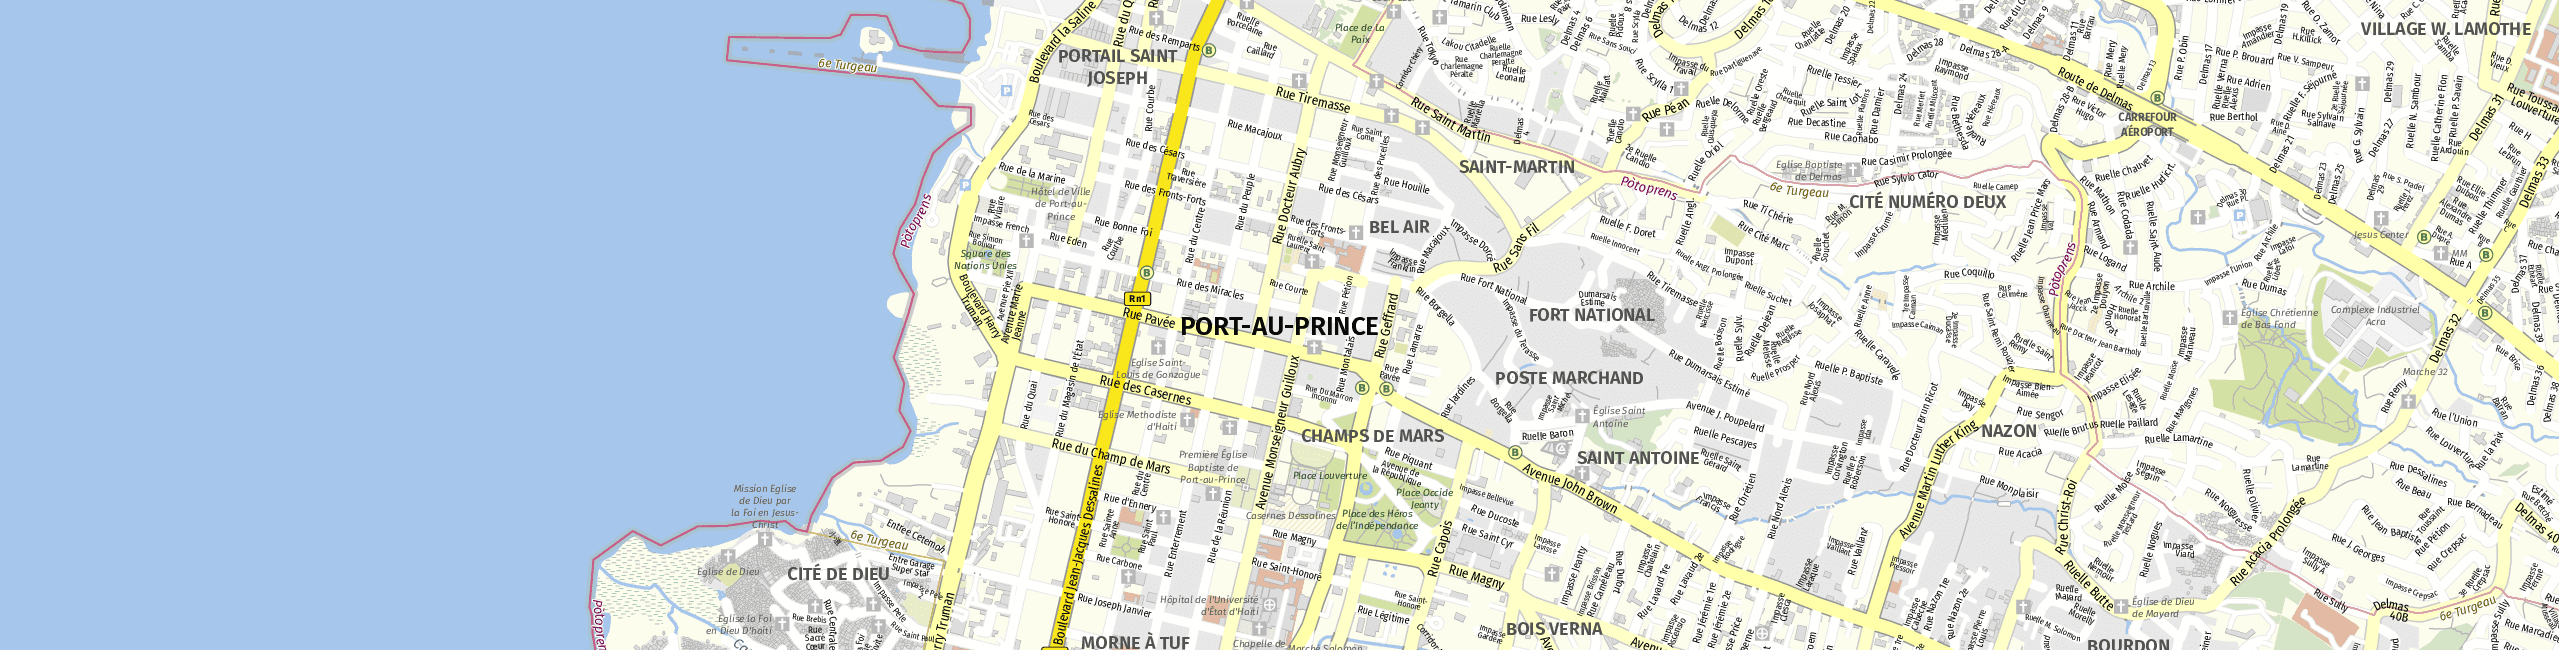 Stadtplan Port-au-Prince zum Downloaden.
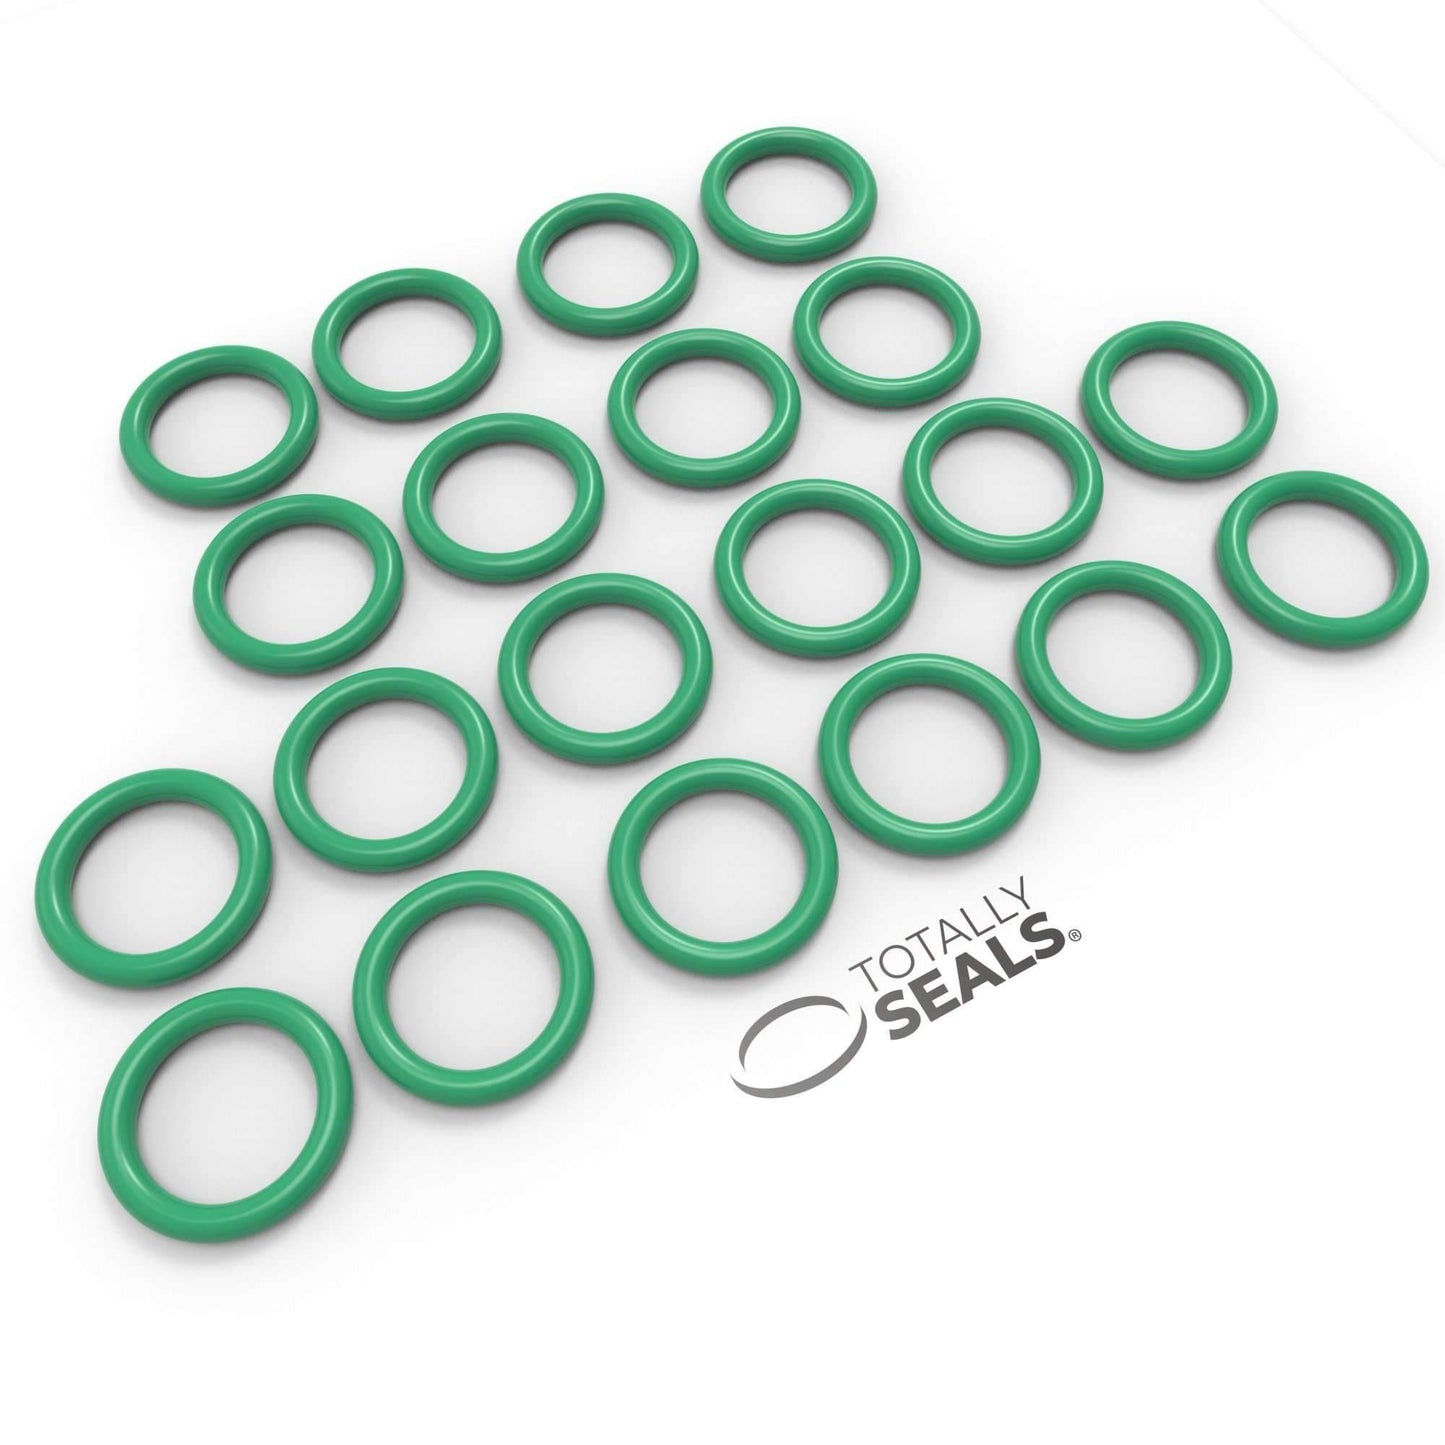 9mm x 2mm (13mm OD) FKM (Viton™) O-Rings - Totally Seals®
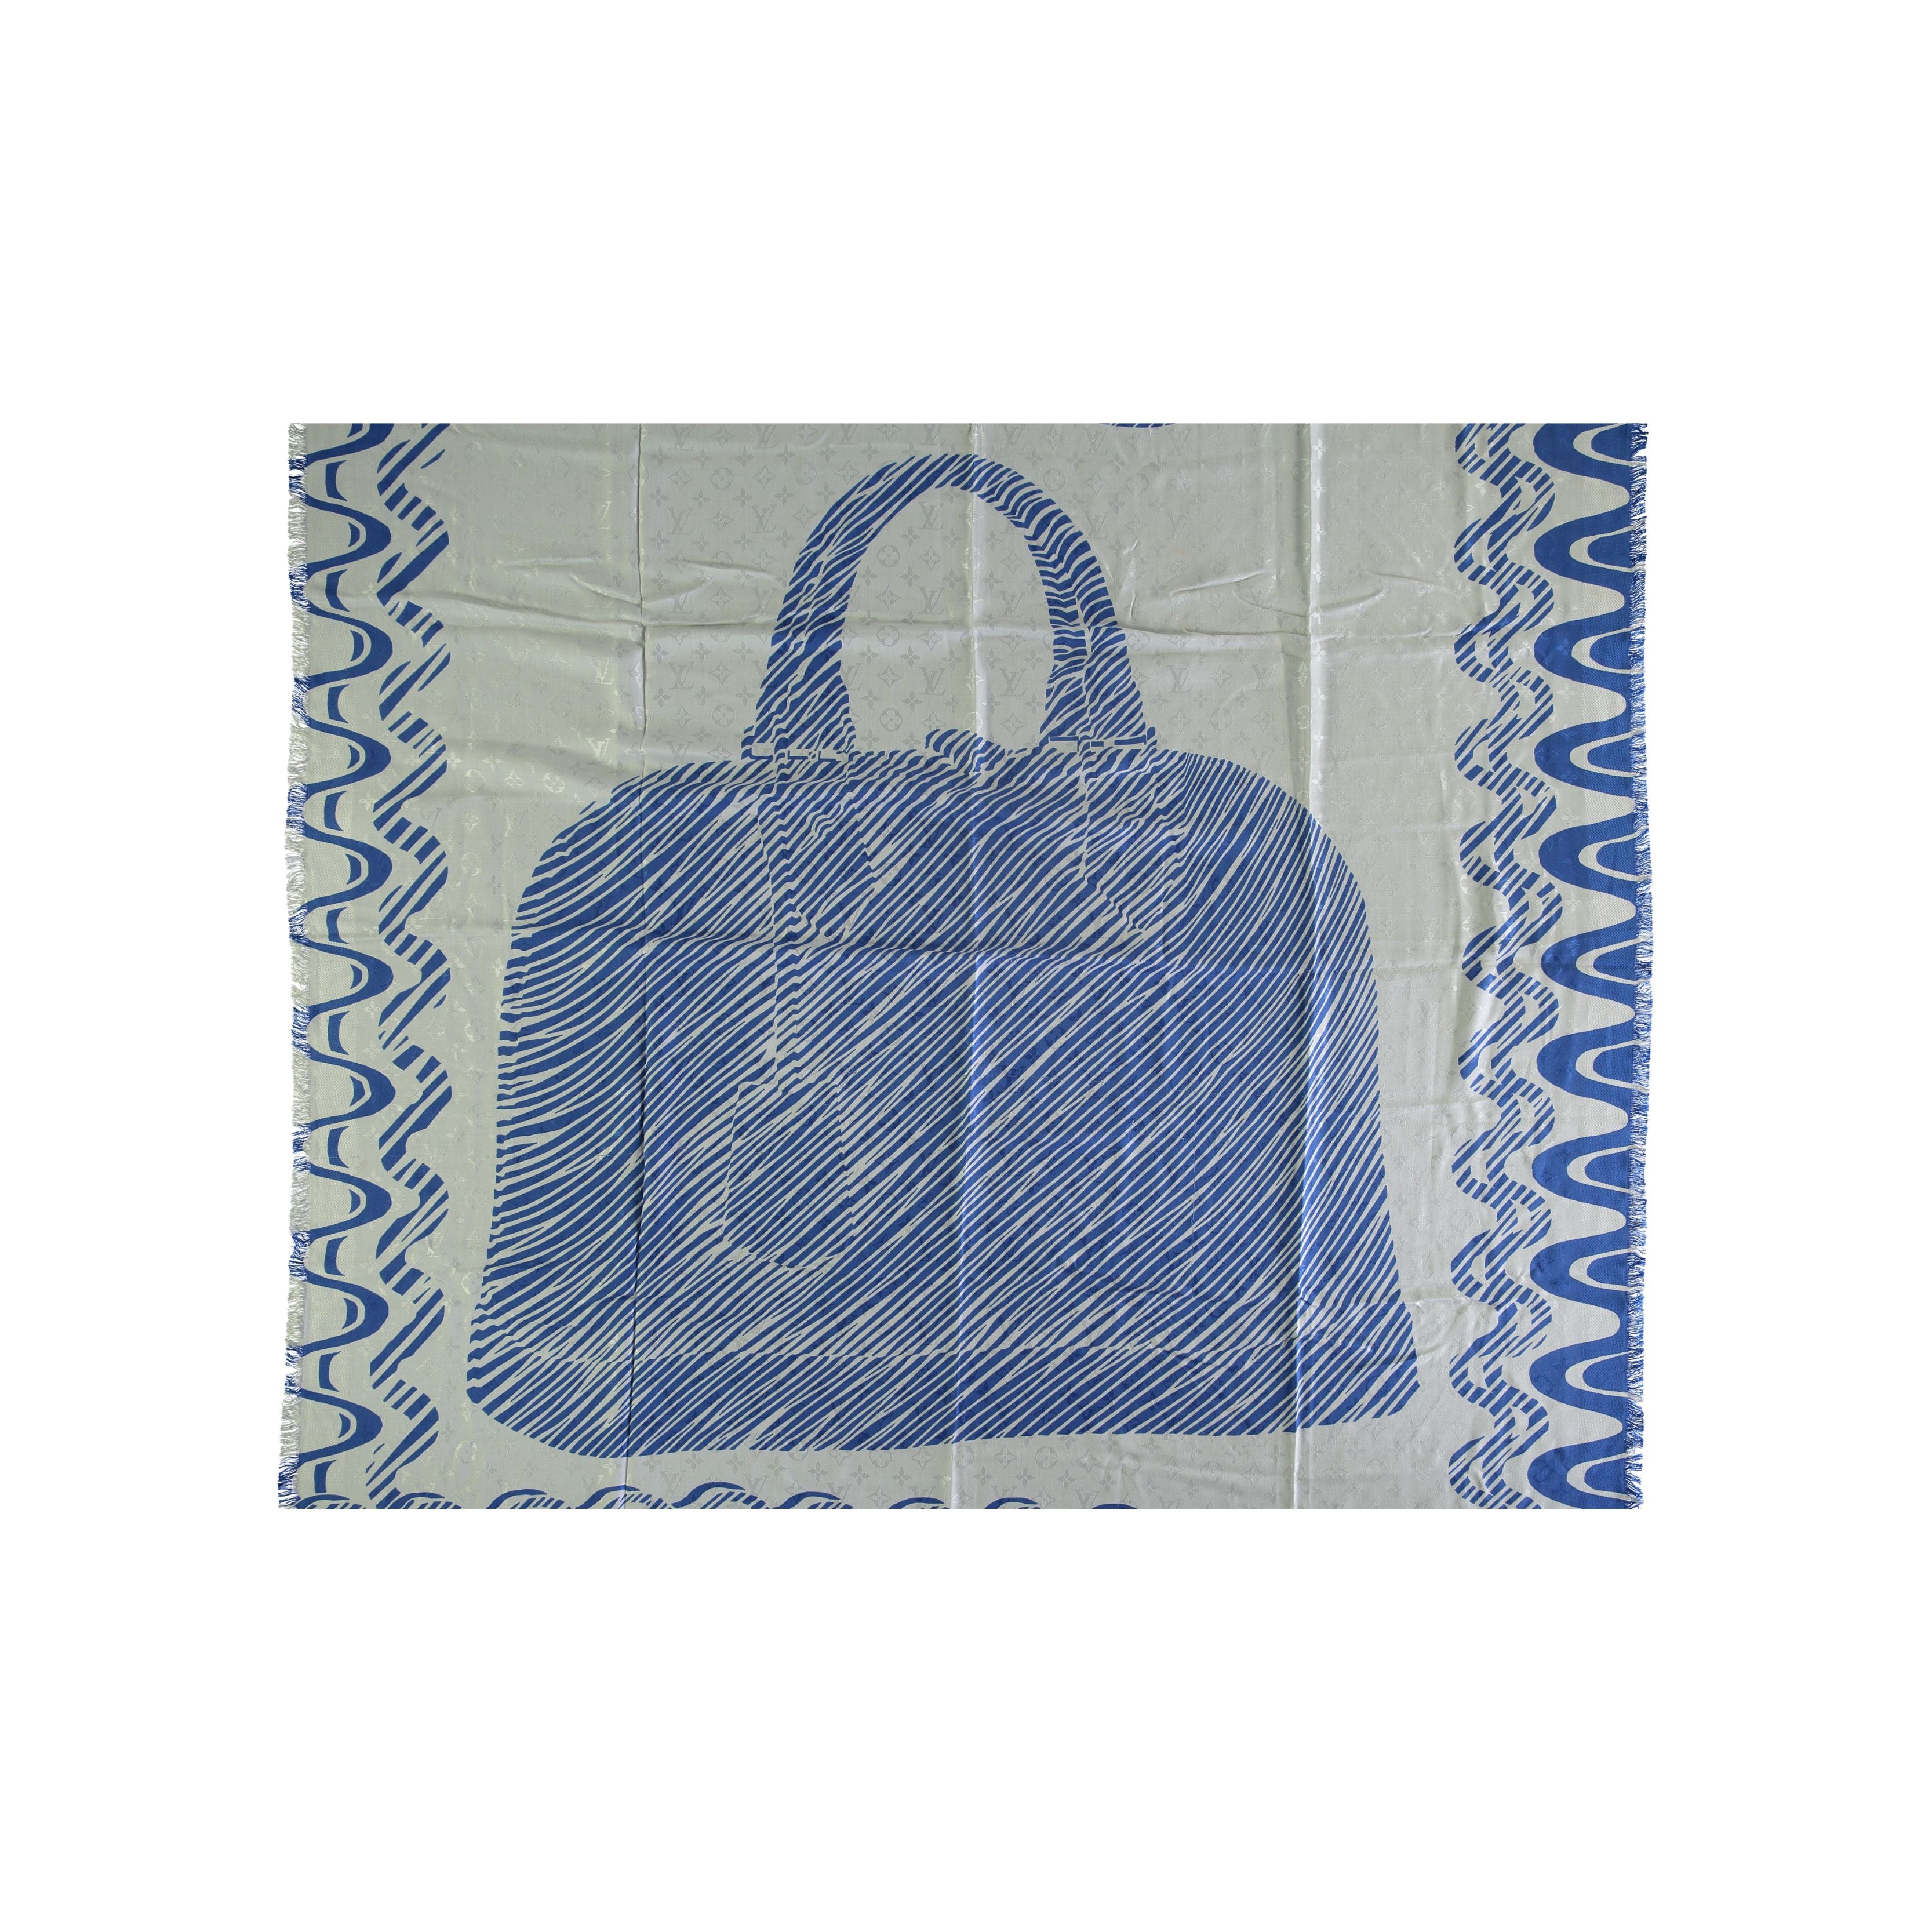 blue white louis vuittons handbags

· · · · · · ·

■ **Goal of the exercise**
Every line from the one that holds "9mm x 2mm (13mm" to the end of the listing should be output exactly, with pictures left out, please.

■ **Problem solution**
 9mm x 2mm (13mm OD) FKM (Viton™) O-Rings - Totally Seals®
 blue white louis vuittons handbags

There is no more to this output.